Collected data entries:
§
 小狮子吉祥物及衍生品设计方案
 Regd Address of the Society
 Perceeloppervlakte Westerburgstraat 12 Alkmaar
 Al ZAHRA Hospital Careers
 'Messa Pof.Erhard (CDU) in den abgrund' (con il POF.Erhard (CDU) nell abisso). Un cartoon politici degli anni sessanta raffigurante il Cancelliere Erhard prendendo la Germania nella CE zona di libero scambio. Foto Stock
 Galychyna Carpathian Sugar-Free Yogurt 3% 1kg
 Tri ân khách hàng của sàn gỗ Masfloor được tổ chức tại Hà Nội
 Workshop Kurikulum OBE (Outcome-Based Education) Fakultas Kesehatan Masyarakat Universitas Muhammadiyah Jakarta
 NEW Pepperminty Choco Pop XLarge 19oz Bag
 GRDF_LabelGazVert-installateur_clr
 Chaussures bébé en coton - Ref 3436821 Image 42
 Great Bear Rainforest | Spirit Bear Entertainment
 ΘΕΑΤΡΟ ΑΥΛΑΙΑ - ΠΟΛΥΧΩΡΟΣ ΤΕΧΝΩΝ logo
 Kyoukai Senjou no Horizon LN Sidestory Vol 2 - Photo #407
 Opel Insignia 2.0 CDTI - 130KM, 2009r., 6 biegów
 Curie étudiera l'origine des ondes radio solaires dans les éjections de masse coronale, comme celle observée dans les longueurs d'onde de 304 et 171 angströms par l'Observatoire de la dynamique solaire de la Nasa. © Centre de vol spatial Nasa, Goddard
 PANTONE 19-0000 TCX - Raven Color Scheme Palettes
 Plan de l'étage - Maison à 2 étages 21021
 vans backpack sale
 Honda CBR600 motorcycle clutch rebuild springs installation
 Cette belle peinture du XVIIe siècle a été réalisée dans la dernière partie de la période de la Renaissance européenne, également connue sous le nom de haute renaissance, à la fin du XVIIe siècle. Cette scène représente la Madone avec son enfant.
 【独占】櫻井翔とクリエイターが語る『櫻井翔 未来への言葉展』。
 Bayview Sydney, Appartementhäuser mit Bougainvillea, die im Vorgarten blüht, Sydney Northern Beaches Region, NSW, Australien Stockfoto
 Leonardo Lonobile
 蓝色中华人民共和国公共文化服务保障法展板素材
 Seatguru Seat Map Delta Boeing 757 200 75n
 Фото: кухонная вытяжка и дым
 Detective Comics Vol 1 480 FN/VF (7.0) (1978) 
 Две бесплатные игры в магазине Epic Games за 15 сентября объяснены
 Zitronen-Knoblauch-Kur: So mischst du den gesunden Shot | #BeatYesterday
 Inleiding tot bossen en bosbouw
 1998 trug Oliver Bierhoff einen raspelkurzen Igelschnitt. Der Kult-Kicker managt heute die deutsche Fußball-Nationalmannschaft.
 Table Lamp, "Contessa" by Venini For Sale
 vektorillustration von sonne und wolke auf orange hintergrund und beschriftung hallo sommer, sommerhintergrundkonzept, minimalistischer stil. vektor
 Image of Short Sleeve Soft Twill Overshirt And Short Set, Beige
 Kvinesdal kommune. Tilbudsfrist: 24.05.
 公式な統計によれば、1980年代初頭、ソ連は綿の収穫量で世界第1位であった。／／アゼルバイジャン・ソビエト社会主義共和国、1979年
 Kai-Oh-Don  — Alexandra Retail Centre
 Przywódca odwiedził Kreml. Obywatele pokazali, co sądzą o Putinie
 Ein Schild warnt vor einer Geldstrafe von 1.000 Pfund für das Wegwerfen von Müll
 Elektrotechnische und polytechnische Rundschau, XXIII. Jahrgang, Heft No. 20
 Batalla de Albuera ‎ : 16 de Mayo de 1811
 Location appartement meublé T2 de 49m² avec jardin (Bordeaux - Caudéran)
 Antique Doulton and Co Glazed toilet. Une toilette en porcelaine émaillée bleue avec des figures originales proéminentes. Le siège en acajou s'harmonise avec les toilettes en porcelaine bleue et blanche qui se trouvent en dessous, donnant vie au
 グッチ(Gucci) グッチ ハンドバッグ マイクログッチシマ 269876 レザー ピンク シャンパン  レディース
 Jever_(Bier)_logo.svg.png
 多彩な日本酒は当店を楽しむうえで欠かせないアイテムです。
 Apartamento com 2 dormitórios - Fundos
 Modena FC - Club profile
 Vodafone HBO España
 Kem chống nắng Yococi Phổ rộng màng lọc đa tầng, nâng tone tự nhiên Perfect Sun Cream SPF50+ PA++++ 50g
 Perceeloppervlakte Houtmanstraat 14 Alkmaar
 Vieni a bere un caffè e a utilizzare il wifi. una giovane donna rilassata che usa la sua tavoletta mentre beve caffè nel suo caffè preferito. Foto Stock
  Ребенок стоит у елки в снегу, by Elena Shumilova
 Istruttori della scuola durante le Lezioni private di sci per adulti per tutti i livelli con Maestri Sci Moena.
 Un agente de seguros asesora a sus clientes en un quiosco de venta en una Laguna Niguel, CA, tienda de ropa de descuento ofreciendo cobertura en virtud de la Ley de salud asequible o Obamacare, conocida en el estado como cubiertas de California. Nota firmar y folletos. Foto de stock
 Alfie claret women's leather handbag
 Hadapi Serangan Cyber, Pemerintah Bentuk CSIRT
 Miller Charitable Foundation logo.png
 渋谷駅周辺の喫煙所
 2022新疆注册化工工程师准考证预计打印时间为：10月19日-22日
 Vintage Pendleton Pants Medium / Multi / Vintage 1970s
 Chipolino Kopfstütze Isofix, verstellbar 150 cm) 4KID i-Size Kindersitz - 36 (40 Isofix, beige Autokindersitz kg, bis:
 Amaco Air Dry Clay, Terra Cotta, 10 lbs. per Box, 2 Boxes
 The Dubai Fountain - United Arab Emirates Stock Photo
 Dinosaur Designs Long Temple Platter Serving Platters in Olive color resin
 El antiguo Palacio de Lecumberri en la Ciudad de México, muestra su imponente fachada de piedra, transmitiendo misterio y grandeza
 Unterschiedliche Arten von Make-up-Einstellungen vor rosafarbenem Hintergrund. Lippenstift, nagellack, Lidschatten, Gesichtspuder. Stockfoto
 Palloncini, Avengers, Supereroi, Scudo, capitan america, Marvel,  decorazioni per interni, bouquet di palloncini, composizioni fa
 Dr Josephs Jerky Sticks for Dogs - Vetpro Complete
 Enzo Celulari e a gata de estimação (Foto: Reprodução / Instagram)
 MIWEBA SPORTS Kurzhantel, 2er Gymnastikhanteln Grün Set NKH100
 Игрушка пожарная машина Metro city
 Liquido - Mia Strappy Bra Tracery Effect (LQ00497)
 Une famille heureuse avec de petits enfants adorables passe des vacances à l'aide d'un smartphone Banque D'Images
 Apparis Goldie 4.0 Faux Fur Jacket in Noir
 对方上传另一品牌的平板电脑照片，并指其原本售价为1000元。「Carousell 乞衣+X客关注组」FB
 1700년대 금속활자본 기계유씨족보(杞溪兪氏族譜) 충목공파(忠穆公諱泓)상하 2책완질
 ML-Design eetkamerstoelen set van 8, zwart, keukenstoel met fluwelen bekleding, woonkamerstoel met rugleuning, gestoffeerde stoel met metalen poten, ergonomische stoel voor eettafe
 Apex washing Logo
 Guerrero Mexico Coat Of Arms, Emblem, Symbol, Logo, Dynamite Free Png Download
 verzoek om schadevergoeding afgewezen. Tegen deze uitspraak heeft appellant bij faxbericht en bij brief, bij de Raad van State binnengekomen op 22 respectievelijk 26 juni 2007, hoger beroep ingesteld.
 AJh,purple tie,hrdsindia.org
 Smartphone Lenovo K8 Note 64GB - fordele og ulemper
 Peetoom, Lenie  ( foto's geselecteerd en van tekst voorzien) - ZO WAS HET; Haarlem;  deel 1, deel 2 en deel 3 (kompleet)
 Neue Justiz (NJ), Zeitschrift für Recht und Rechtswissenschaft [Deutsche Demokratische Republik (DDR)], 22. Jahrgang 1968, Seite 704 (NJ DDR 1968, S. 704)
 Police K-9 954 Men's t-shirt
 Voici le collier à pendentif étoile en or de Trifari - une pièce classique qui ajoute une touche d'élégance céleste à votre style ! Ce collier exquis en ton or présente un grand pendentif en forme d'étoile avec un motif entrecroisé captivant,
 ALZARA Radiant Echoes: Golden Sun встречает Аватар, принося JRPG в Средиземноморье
§
Exercise requirements: Each line that holds the string "Free" is to be copied from the entries above.

Written reply:
 Galychyna Carpathian Sugar-Free Yogurt 3% 1kg
 Guerrero Mexico Coat Of Arms, Emblem, Symbol, Logo, Dynamite Free Png Download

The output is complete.